I have another canning inspired recipe for you. I made and canned plum sauce because I wasn’t able to find a safe commercial version for me, and because I eat a lot of Asian and Asian inspired food. Since I’ll be using this as a condiment for some of the dishes that are coming up, I decided to post a version that you can do without canning. If you want to can this recipe, it’s found in the Ball Complete Book of Home Preserving on page 285 (linked to Amazon for convenience, no affiliation). I’ve cut the quantities down so that it only makes about a pint of sauce, so that you can use it before it goes bad without canning it. If I’m overestimating your potential use, you could also freeze half of it.

Plum Sauce

  • 1/2 cup of brown sugar (make sure it’s safe for you, I corn-ed myself good by not reading labels on brown sugar once. If it says inverted sugar on it, don’t buy it if you’ve got an allergy to corn)
  • 1/4 cup of granulated sugar
  • 1/4 cup of apple cider vinegar (Bragg’s is generally safest for corn allergies)
  • 3 Tablespoons of finely chopped onion
  • 1/2 Tablespoon of finely chopped jalapeno or other green chili pepper
  • 1/2 Tablespoon of mustard seeds
  • 3/4 teaspoon of salt
  • 1/2 – 1 clove of garlic (recipe converted calls for half a clove, but if you like garlic, by all means use it up)
  • 3/4 teaspoon of fresh grated ginger
  • 2 1/2 cups of pitted, finely chopped plums

In a large stainless steel or other non-reactive (ceramic or enamel, do not use aluminum or cast iron) pot, add the brown sugar, granulated sugar, vinegar, onion, jalapeno, mustard seeds, salt, garlic, and ginger. Bring to a boil over high heat, stirring constantly. Add the plums, and return the mixture to a boil. Then reduce the heat and boil gently stirring occasionally until the mixture is thick and syrupy, about 2 hours.

Since this recipe is not being canned, at this point you could choose to use a stick blender to puree the mixture to a smooth consistency. (Note: If you are canning the recipe, follow the directions in the Ball Complete Book of Home Preserving and do not puree the sauce.
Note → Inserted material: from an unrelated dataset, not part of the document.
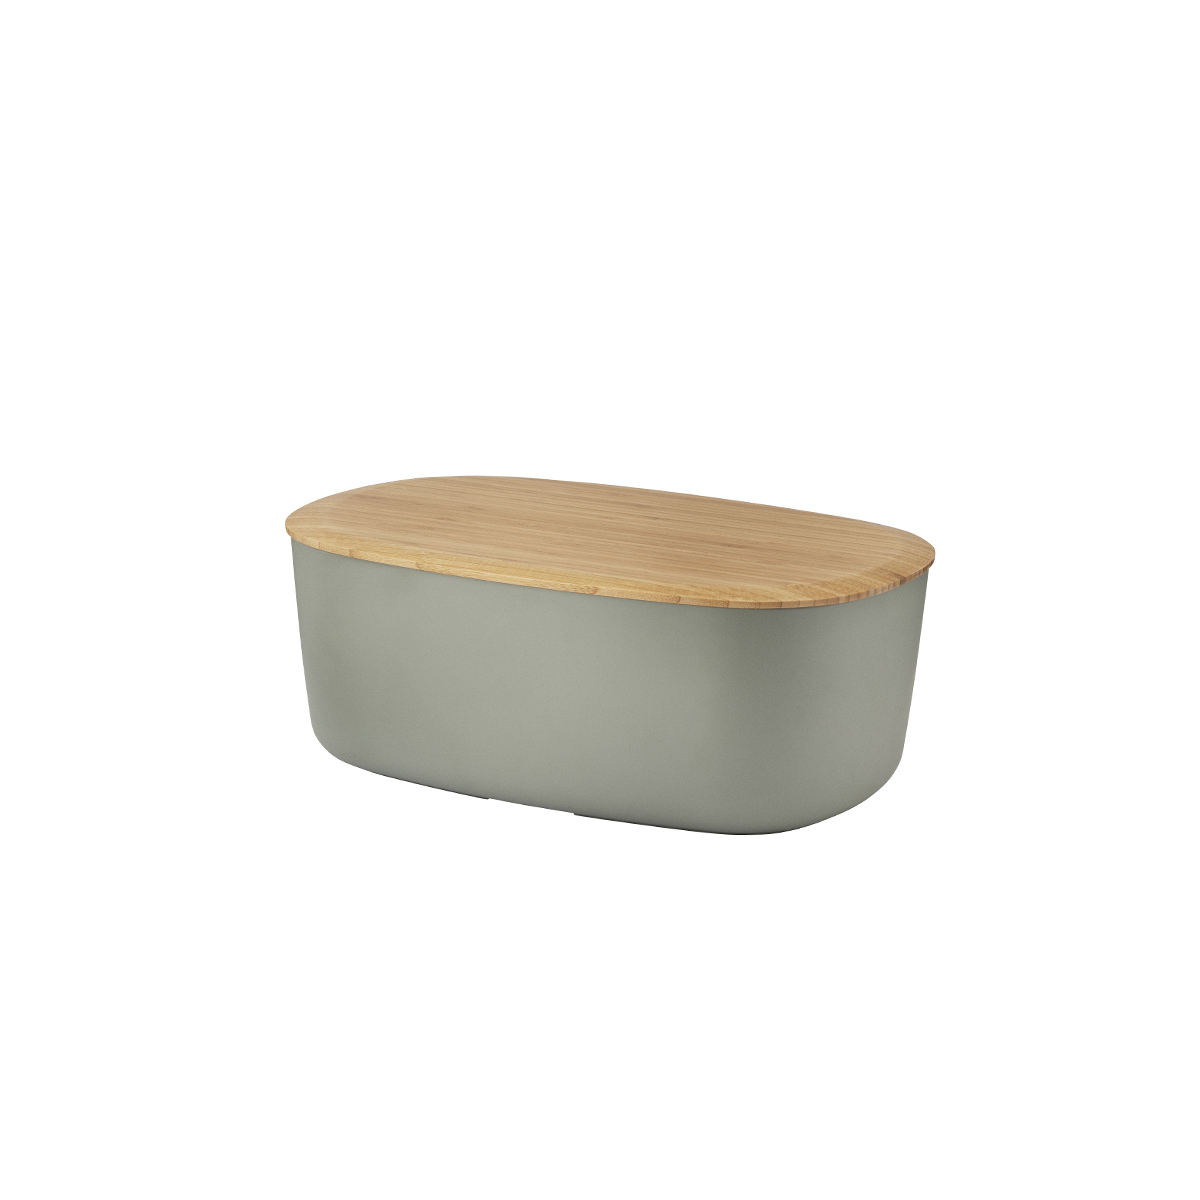 BOX_Z00038-3_BOX-IT_bread_box_warm_grey

You could be risking botulism otherwise.)

Let the sauce cool, and once cool enough, place in a container in the fridge (or freeze some) to store. I usually put mine in a squeeze bottle so that I can use it like ketchup.



    1. This is great. My son has a lot of food allergies and we usually have to avoid anything with an Asian flavor because of soy and sesame. Glad I found your blog. I posted about a week ago on our food allergy experience. Thanks!